PROMPT →
The line bearing "Outdoor pool at Four Seasons Mumbai", together with all lines after it to the end of the material, should be repeated exactly; leave out everything else.

══ DATA ══

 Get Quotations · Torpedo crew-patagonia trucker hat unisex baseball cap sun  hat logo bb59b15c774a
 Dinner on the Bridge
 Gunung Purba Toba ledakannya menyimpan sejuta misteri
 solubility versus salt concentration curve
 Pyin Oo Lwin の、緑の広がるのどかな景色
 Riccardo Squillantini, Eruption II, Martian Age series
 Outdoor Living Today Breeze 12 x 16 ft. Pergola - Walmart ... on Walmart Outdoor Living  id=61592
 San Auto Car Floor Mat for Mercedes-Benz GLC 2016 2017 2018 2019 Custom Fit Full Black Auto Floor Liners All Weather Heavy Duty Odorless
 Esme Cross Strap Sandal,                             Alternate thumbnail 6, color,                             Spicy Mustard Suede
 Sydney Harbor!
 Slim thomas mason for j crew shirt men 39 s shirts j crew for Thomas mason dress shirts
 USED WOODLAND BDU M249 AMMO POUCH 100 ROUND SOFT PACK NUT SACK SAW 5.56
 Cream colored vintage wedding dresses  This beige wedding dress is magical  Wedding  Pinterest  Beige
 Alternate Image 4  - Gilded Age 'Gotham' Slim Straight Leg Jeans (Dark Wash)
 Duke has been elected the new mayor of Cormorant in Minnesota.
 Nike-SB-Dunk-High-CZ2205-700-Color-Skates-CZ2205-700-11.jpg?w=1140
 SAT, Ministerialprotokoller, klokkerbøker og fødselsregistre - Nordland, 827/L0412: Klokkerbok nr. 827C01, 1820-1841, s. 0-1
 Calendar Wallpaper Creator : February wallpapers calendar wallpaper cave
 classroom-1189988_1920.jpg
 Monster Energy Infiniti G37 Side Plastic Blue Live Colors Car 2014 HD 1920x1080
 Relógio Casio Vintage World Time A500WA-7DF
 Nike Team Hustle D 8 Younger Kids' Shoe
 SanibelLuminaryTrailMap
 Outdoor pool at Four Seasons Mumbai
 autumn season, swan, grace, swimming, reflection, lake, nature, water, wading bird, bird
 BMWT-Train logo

═══

FINISHED EXERCISE →
 Outdoor pool at Four Seasons Mumbai
 autumn season, swan, grace, swimming, reflection, lake, nature, water, wading bird, bird
 BMWT-Train logo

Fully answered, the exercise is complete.